Home News Five Things We Learned From NWA Powerrrr (So Far)

    Five Things We Learned From NWA Powerrrr (So Far)

    On October 8thof this year, in the Georgia Public Broadcasting studio in Atlanta, Georgia, old school studio wrestling made it’s triumphant return!

    NWA Power (or Powerrr to some) has been a fun, weekly hour that has made me fall in love with wrestling all over again. A throwback to a time that I wasn’t quite old enough to remember, the show is such a wonderfully put together show that is unique from anything else in the wrestling world today.

    So, with a few episodes already out on the NWA YouTube page, I figured I would break down some of the great aspects of the show and give you lovely people my top five takeaways for what I’ve seen from NWA Power so far. 


    One of the first things that stands out with the show is the fact that promos have a very authentic feel to them. No one is handed a script to memorize, but are told they have a certain amount of time to go out and either get a program or themselves over. 

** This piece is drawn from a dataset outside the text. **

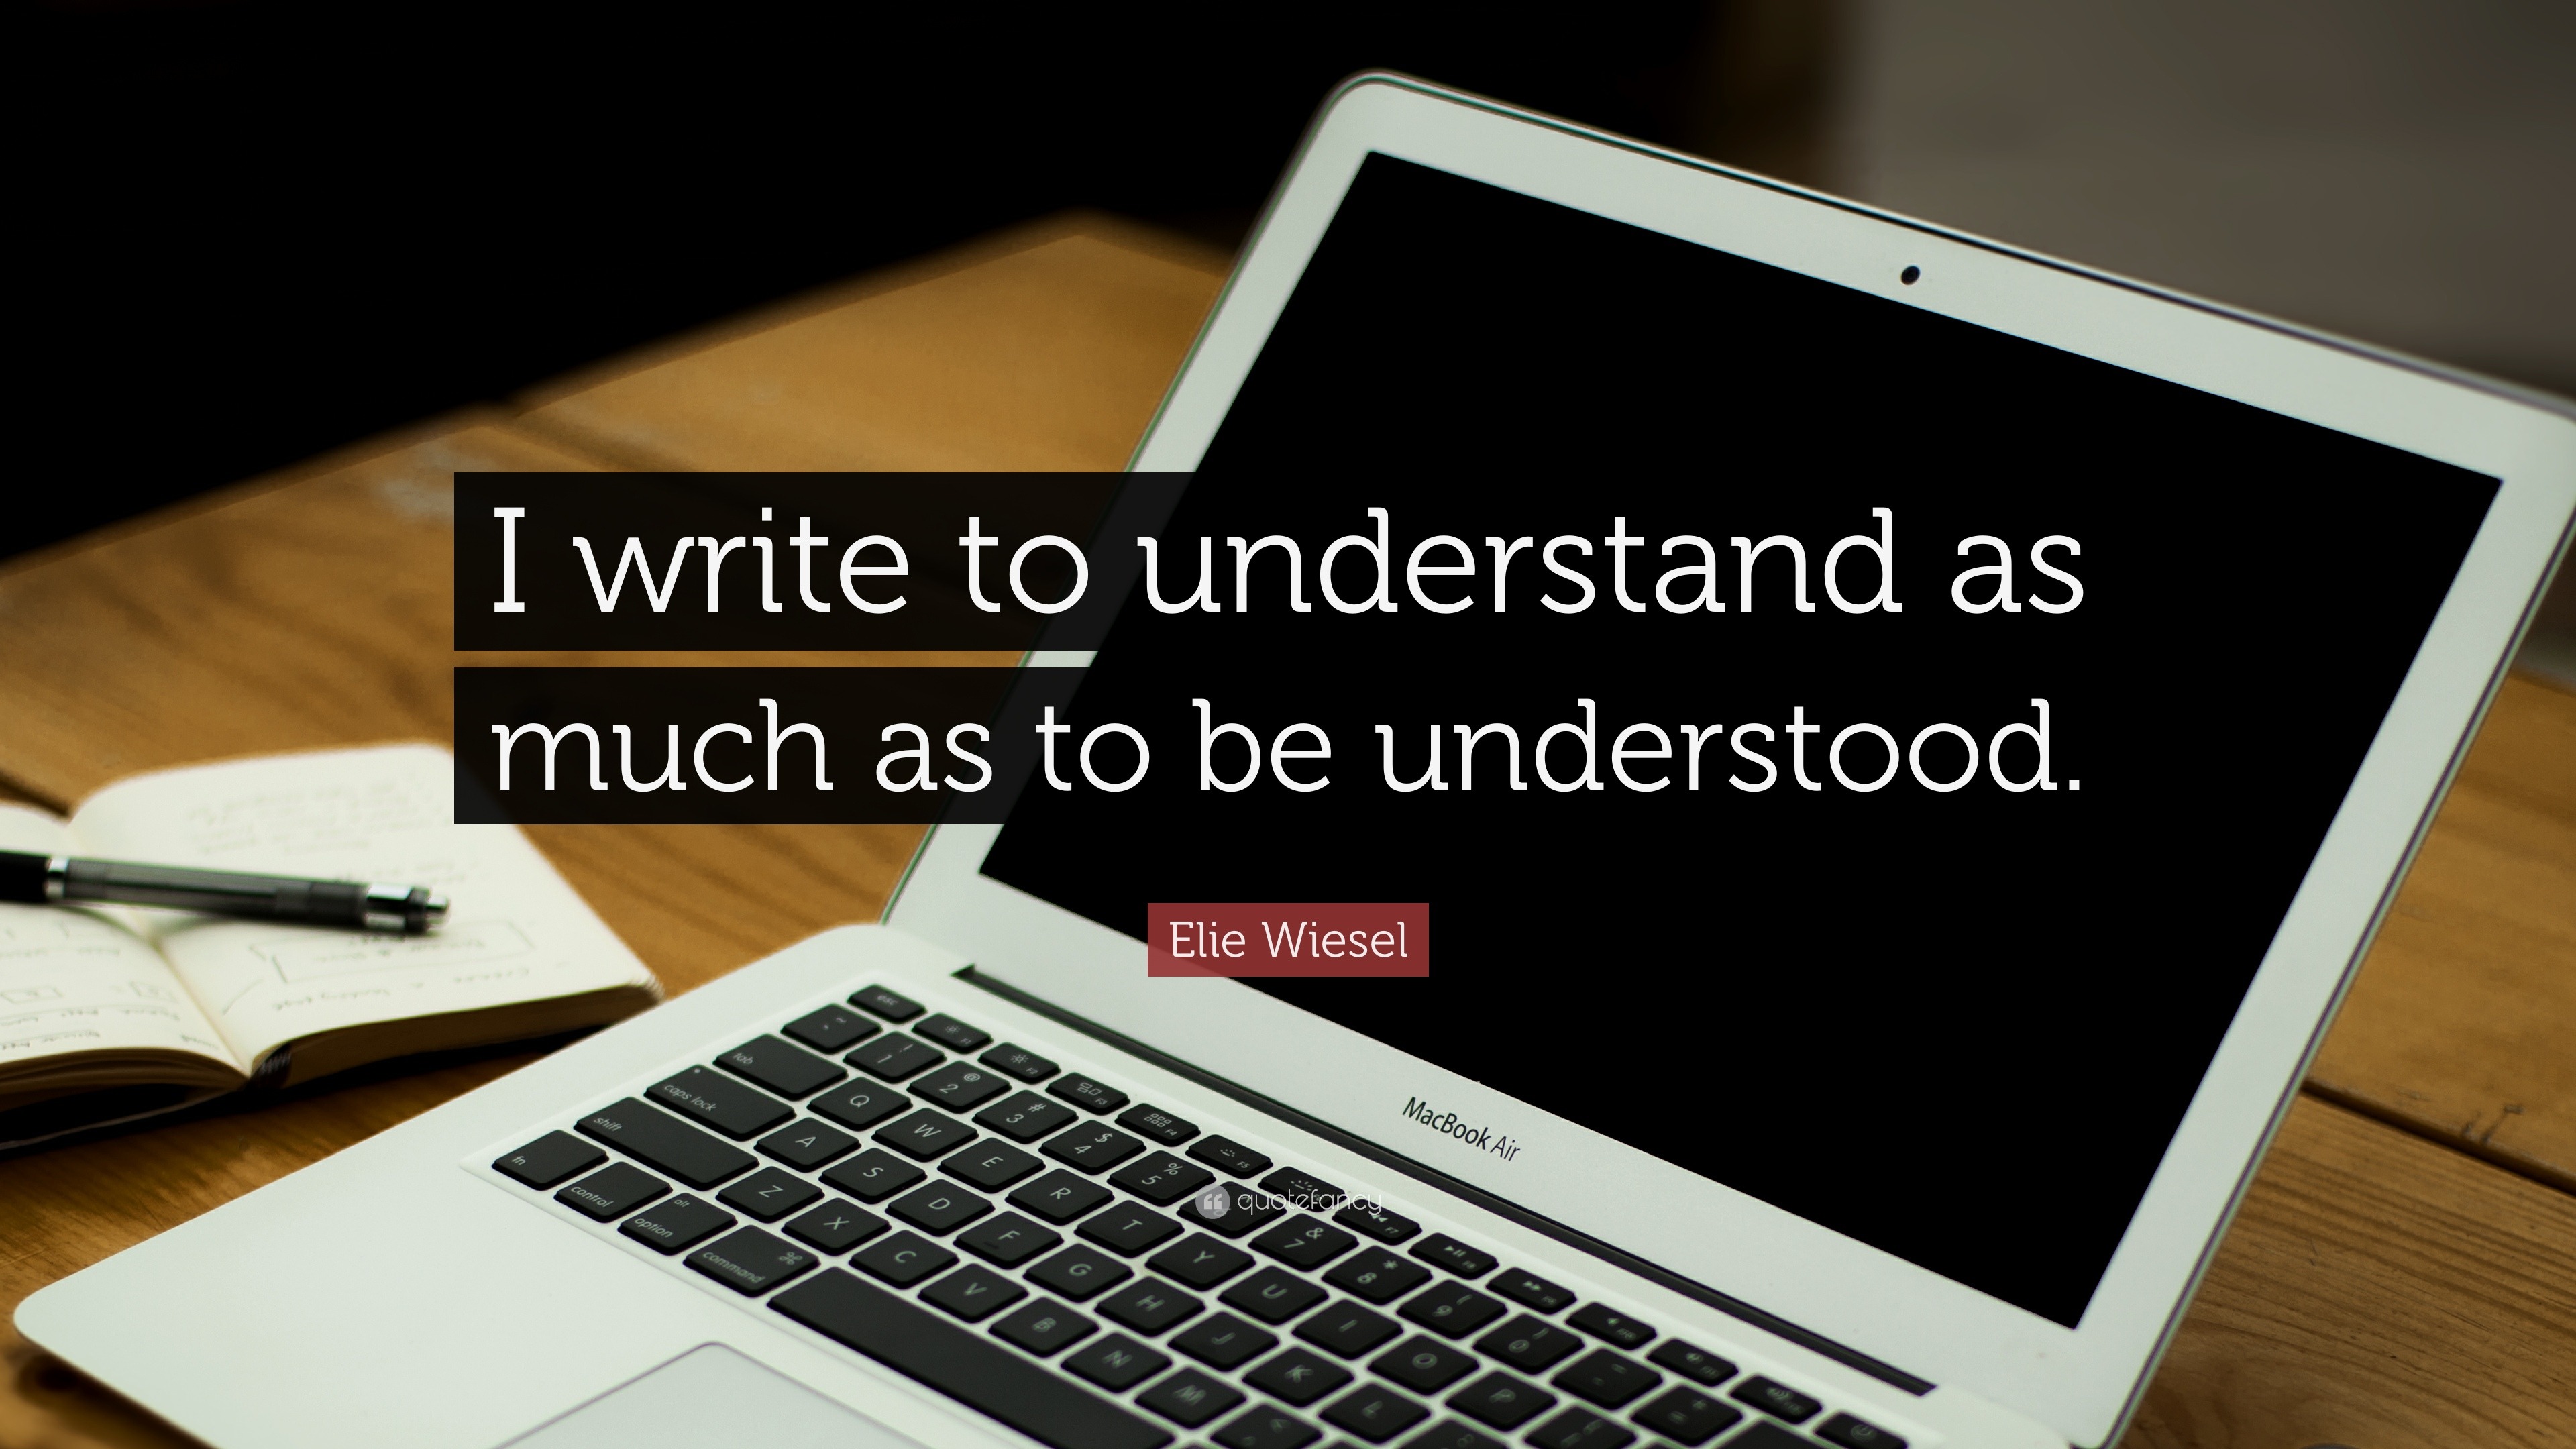 Writing to Be Understood by Anne H. Janzer

    I’ve seen a lot of great stuff from several people, including Eli Drake, Homicide and Eddie Kingston, Aron Stevens, and the World champ Nick Aldis. The highlight for me though has been James Storm. That guy is someone who can talk people into a building and get over with just a minute or two on the mic. 

    From the first episode, it’s this authentic, un-scripted feel that has made this show stand out to me the most. I know AEW has prided itself on not handing wrestlers scripts, and that’s a good thing, but NWA has so many segments allotted for talent to speak that I feel like I’ve gotten to hear from, and really learn about, more people on this show than any other major wrestling show today.

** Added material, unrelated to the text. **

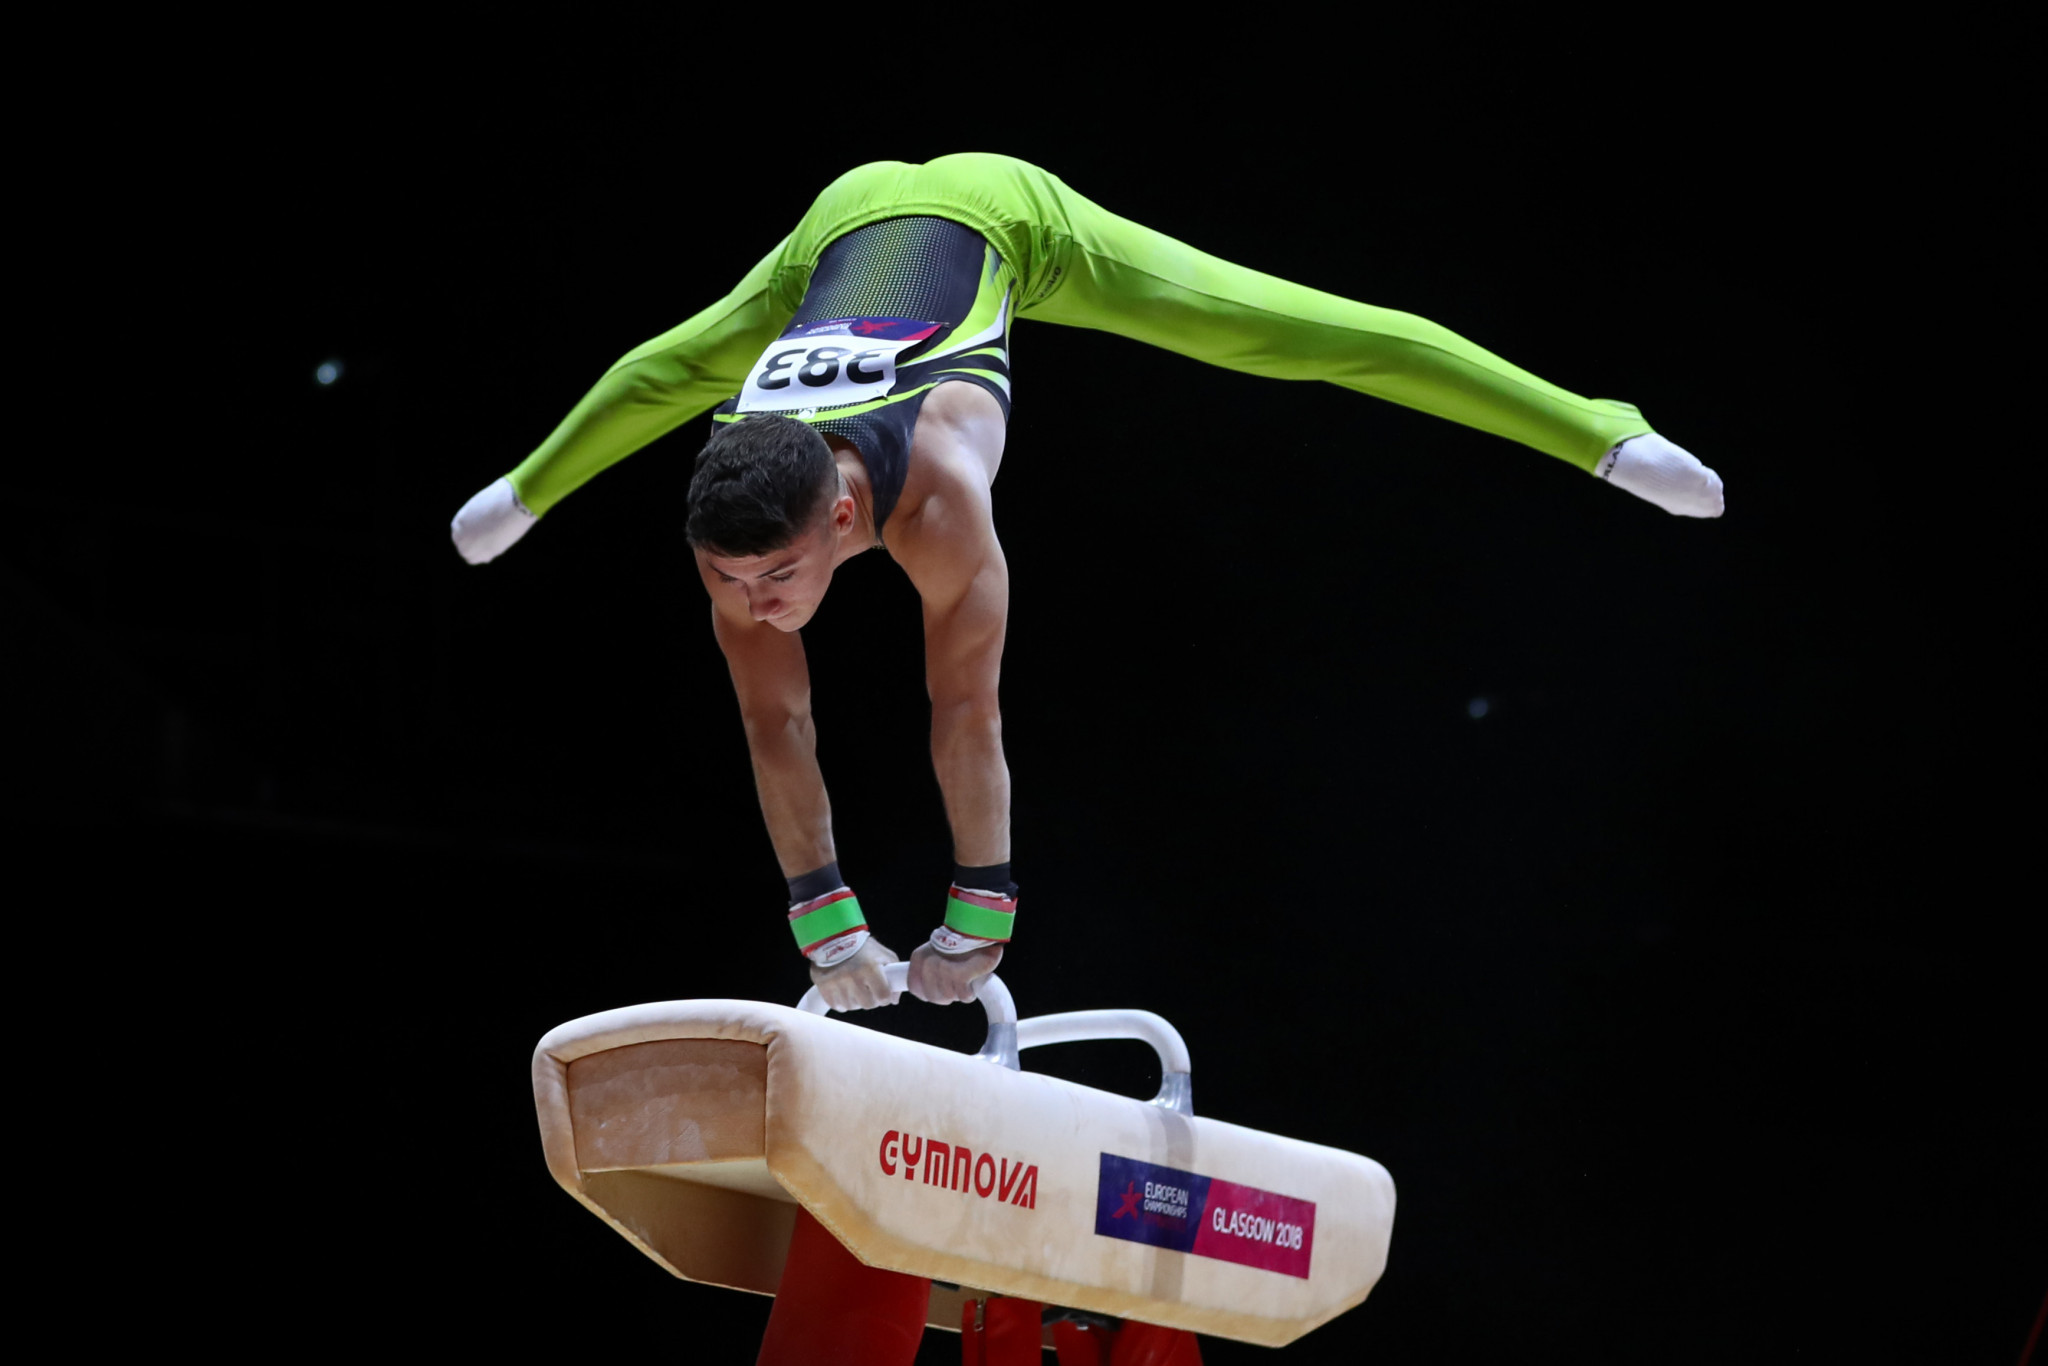 McClenaghan dominates en route to pommel horse gold at FIG World Challenge Cup

    Also, while I’m on the subject of talking, I’d be remised if I didn’t mention the announce team. I’ve thoroughly enjoyed the team of Joe Galli and Jim Cornette. 


    This is definitely a top takeaway for me. In a world of three hour Raws, marathon PPVs, and a plethora of two hour shows, it’s nice to sit down and watch a full episode of wrestling in an hour (less than, actually). I actually think NXT has lost some of its charm by expanding to two hours, but NWA Power has that charm and more.

    The best thing is that I feel like the creative behind the NWA has been able to fill the shows with plenty of storytelling (more on that later) without feeling too busy but also without having any real filler. It boils down to solid pacing. Power’s pacing feels so natural for a pro wrestling show and makes it not only easy to watch but also fun to watch as well.


    Some of my issues with certain promotions that shall remain nameless is this insistence of making nearly every match look and feel like a PPV main event. I understand wrestlers wanting to maximize their minutes and really take advantage of the time they have on national television, but I get exhausted with so many false-finishes and what amounts to meaningless moves. 

    Sometimes the purpose of a pro wrestling match is to get someone over or to just tell a story in a short amount of time. It’s a tradition that’s as old as wrestling. Not everything has to be a five-star classic in order to be a good wrestling match. The NWA has managed to use “squash” matches with underneath talent going up against stars that the promotion wants to highlight and I think they’ve done so beautifully. 

    I wasn’t very familiar with tag teams like The Dawsons and The Wild Cards, so putting them in short matches which last just a couple of minutes, really helps me as a viewer understand who they are, how they work, and what their gimmick is. It’s a welcome change to what other places might be doing.


    One really fun thing about the studio layout of the show is the ability for the wrestlers to interact easier with the fans. The fans are so close to the action and the studio is shaped in such a way that fans can hear the wrestlers without mics, and vice versa. So wrestlers can listen to the crowd during matches and promos and play off of that really well during the show. 

    Plus, with the smaller crowd size, it seems easier for chants to organically form. Seeing how quickly Tim Storm’s “Mama” has gotten over is a great example of how the studio atmosphere can really affect what happens on the show. It adds to the organic feel of the show, knowing that things can change based off of how the crowd reacts to something. It just feels more real that way. 


    All of the above really culminates in this point. Things are able to build from episode to episode and it’s so easy to watch it from week to week. The promos, the short matches, the fans’ input, it all comes together each hour to tell a story that is playing out over time. The matches that get more time, like the NWA Title Match from the first episode, or the tag team main event from the second and third, feel bigger because of how the show is presented.

    And all of it is going to lead the first NWA PPV of the Power Era, NWA Into the Fire. I’m already looking forward to seeing the payoffs to the stories that are just now starting to take shape in the GPB Studios in Atlanta. The anticipation of seeing two stars finally meet in the ring is so refreshing. I love watching stars in other promotions lock up on weekly shows, but we’ve definitely been spoiled by it. Having to wait to see the big matches will not only make them that much more special, but it’ll be yet another trait that sets this new NWA apart from the rest of the pack.